Consumer Durables (CD) up 0.22% and Oil & Gas up 0.01%, were only gainers in the BSE sectoral space. Realty down 2.89%, Power down 2.40%, FMCG down 1.82%, Health Care down 1.68% and Bankex down 1.66% were major losers in the BSE sectoral space.
The S&P CNX Nifty touched a high and a low of 5,560.30 and 5,443.65 respectively.
The top gainers on the Nifty were Hero Honda up 5.96%, Kotak Bank up 2.30%, Maruti up 0.76%, GAIL up 0.55% and Reliance up 0.18%.
The top losers on the index were Ranbaxy down 6.33%, Reliance Communication down 5.67, PNB down 5.53%, Tata Power down 5.08% and Reliance Power down 4.91%.
At the Forty-second meeting of Public Private Partnership Appraisal Committee (PPPAC), a Finance Ministry panel granted a go ahead to seven projects of Ministry of Home Affairs and Ministry of Road Transport and Highways.
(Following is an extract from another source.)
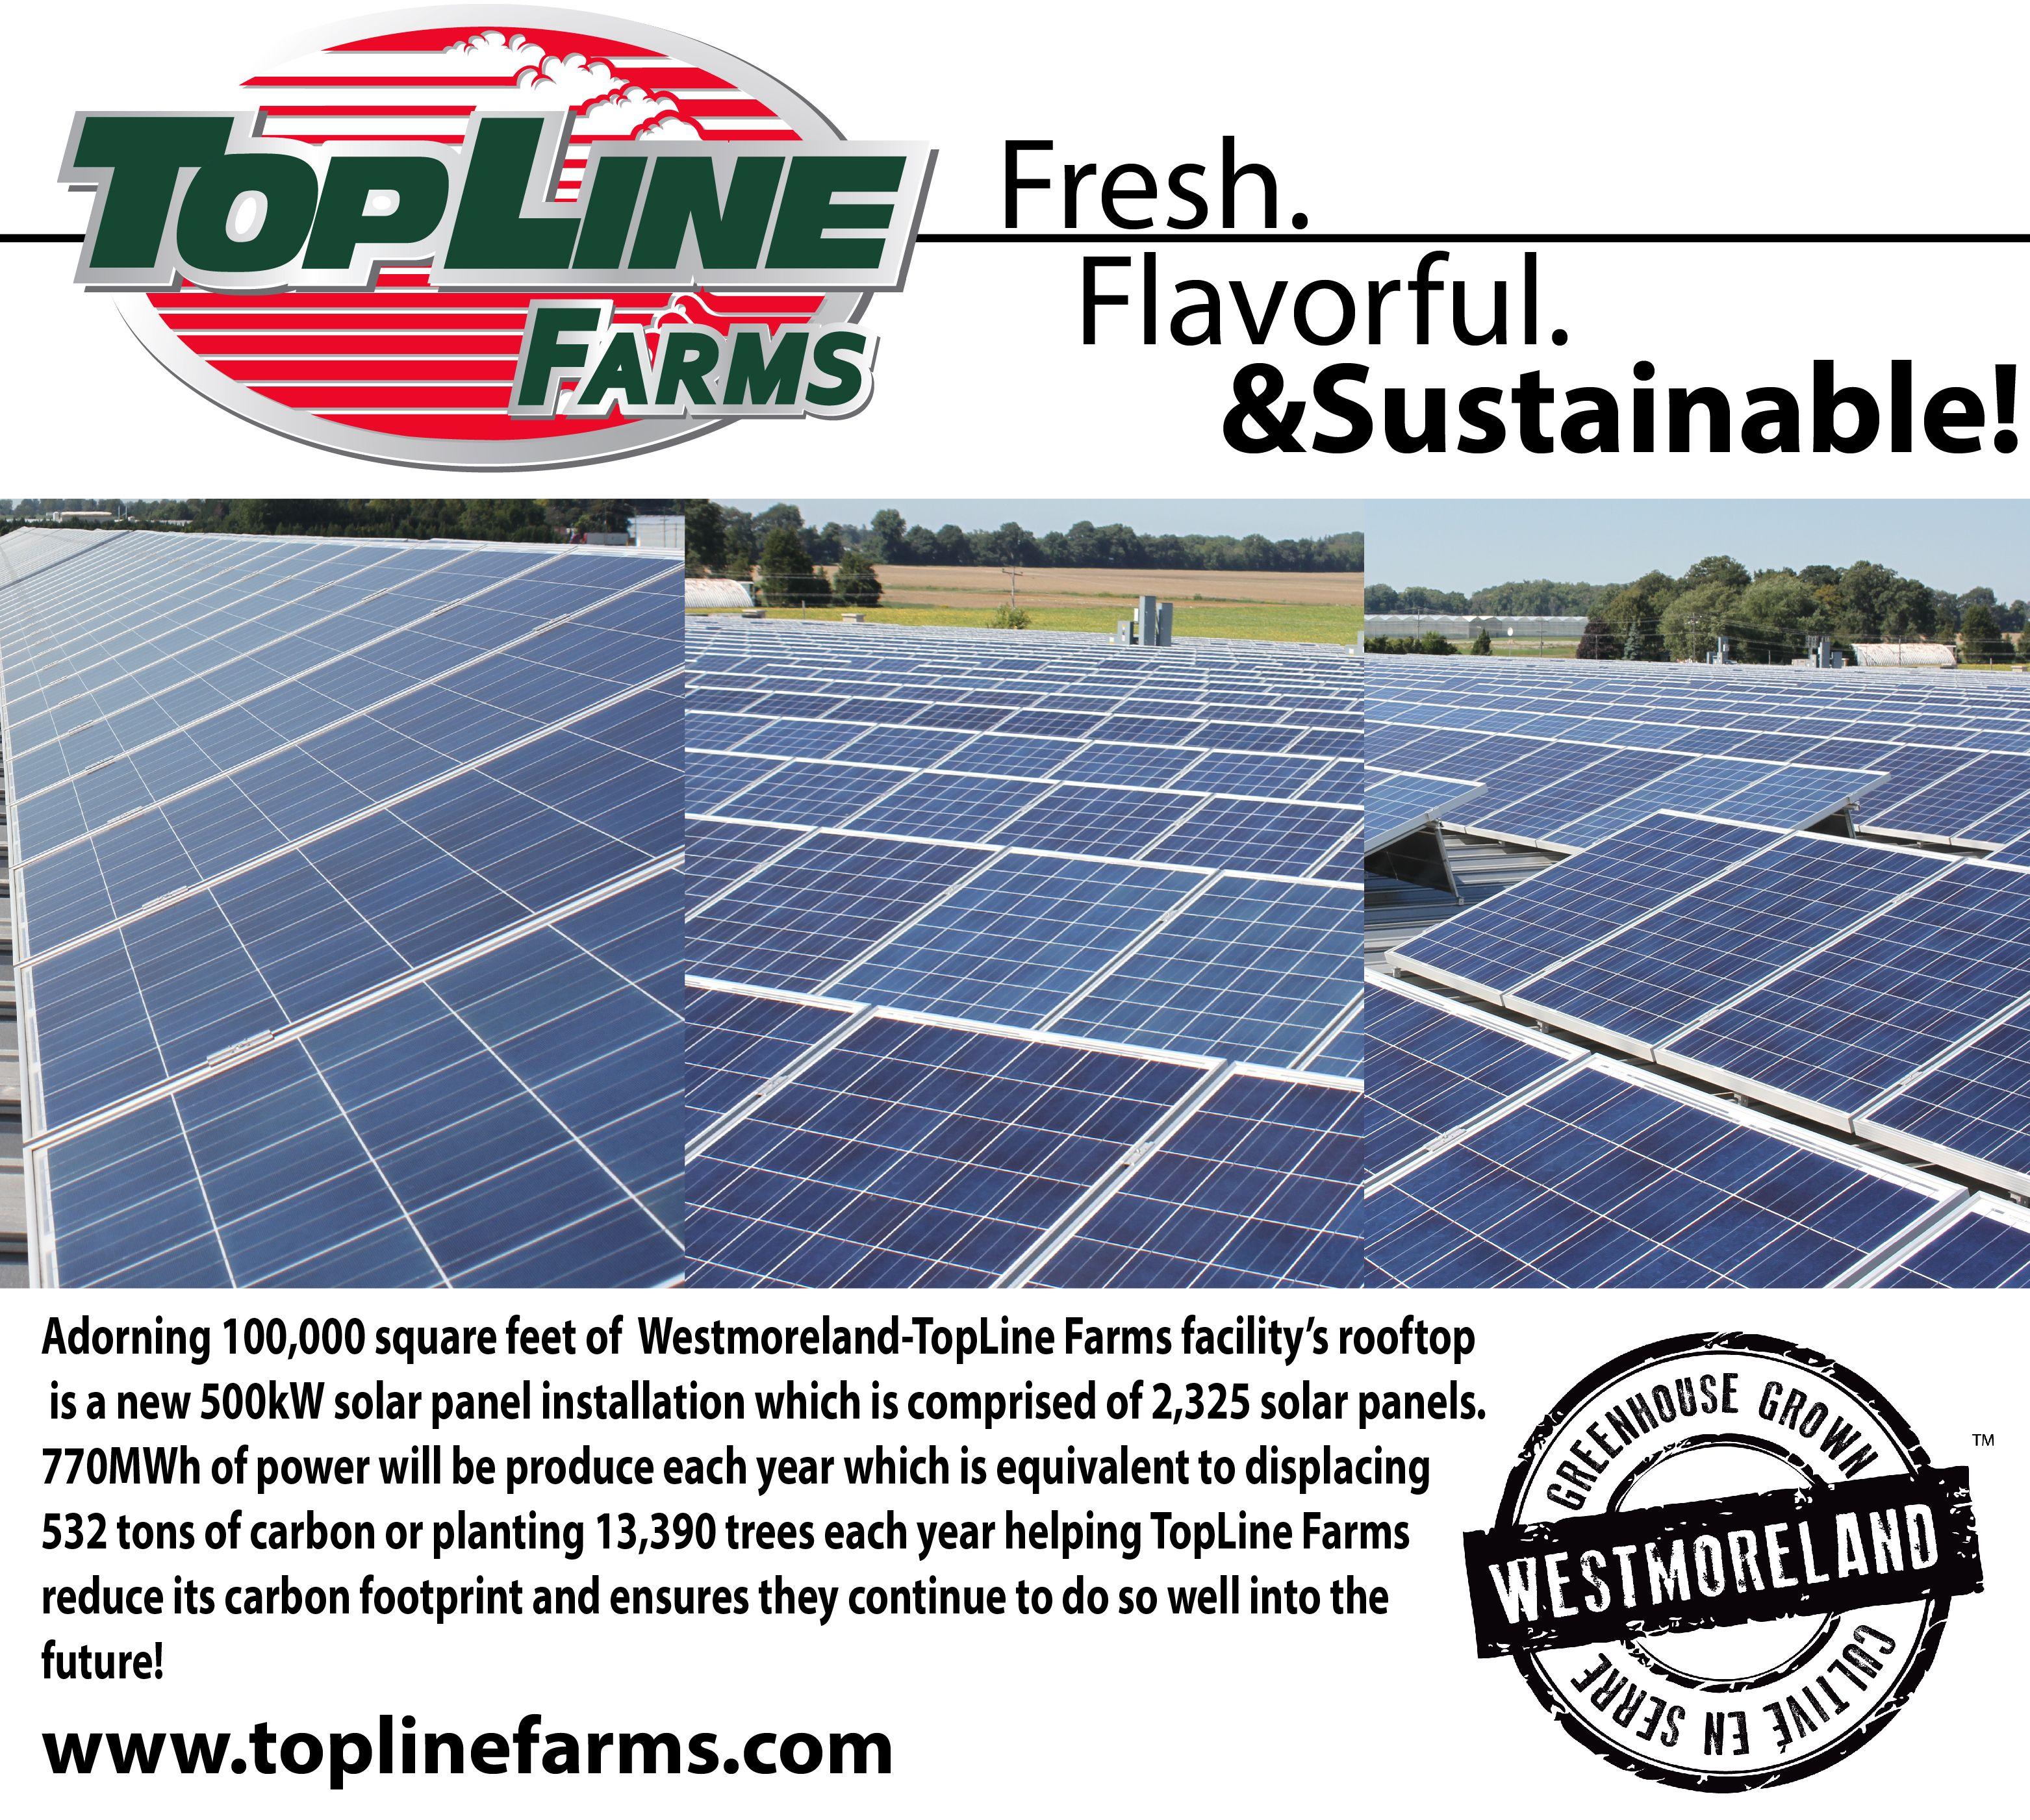 Toplinefarms Fresh Flavorful Sustainable Toplinefarms Reducing Their Carbonfootprint Well Into The Future Roof Solar Panel Solar Solar Panels

The projects include widening of roads in five states and in total are anticipated to cost around Rs 7,553.83 crore under public private partnership mode.  In the meeting held on April 19, 2011, R Gopalan, Secretary, Department of Economic Affairs, Ministry of Finance granted the approval for five projects related to the Ministry of Road Transport and Highways and the rest with Ministry of Home Affairs.
The Finance Ministry panel cleared development projects associated with Police Head Quarters for Delhi Police at Parliament Street, New Delhi at an estimated cost of Rs 202 crore along with a Police Housing Complex for Delhi Police personnel at Dheerpur at an estimated cost of Rs 790.58 crore.
The R Gopalan chaired panel also approved four laning of Jabalpur-Katni-Rewa Section of NH 7 in Madhya Pradesh at an estimated cost of Rs 1,906.83 crore while similar four laning projects of Obedullaganj-Budhni Betul section of NH 69 in Madhya Pradesh, four-laning of Orissa border to Aurang section of NH 6 in Chhattisgarh and four-laning of Meerut to Bulandshahar section of NH 235 in Uttar Pradesh were also given the green signal. In addition, six-laning of Icchapuram-Srikakulam-Anandpuram section of NH 5 in Andhra Pradesh that would cost Rs 1,764 crore was also approved by the panel.
Since its constitution in January 2006, PPPAC has granted approval to 219 projects, with an estimated project cost of Rs 213780.58 crore. These include National Highways, Ports, Airports, Housing, Tourism Infrastructure, Railways and Sports Stadia.
European markets were trading in red. France's CAC 40 plunged by 1.31%, Germany's DAX fell by 0.91% and Britain's FTSE 100 was trading lower by 0.88%.
Asian equity market closed the day's trade mixed  as investors remained cautious amid the decline in commodities and a general reduction in risk appetite. Chinese benchmark edged higher in the trade on Thursday, reversing early loses on the back of rebound witnessed in bank and steel shares. In addition, Taiwan Weighted remained the major gainer among the Asian peers surging 0.80 percent, supported by a jump in glass makers and electronics shares. However, stock markets in Japan and South Korea remained closed for the trade today on account of public holiday.